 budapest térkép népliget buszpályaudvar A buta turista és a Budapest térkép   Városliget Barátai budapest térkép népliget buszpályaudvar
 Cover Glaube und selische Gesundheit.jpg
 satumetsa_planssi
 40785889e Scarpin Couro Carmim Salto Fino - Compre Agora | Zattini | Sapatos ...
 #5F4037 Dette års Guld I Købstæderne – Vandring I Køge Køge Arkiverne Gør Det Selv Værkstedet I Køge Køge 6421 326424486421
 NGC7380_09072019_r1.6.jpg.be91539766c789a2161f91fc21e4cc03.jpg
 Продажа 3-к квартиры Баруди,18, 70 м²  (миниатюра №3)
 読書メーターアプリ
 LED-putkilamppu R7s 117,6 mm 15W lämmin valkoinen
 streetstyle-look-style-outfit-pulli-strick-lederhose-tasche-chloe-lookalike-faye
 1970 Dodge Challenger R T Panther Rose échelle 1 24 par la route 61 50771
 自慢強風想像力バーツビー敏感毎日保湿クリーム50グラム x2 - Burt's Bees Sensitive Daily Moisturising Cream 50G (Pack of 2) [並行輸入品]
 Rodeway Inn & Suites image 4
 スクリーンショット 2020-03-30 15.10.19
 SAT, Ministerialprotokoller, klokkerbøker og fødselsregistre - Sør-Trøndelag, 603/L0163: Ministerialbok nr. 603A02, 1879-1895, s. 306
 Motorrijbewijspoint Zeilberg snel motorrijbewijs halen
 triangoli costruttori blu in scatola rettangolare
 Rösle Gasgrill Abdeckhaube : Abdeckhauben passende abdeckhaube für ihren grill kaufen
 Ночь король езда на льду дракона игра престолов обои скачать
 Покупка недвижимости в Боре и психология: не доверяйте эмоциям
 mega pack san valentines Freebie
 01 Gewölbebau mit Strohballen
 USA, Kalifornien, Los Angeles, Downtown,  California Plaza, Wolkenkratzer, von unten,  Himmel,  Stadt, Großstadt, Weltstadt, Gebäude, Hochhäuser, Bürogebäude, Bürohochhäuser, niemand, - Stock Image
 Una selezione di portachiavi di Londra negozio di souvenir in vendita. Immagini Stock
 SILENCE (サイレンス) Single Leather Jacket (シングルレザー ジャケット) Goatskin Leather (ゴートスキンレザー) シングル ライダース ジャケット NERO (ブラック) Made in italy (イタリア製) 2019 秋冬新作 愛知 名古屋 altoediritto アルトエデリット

Your goal: Pick every line from the listing holding the string "Stock", and copy it.

Written answer:
 USA, Kalifornien, Los Angeles, Downtown,  California Plaza, Wolkenkratzer, von unten,  Himmel,  Stadt, Großstadt, Weltstadt, Gebäude, Hochhäuser, Bürogebäude, Bürohochhäuser, niemand, - Stock Image
 Una selezione di portachiavi di Londra negozio di souvenir in vendita. Immagini Stock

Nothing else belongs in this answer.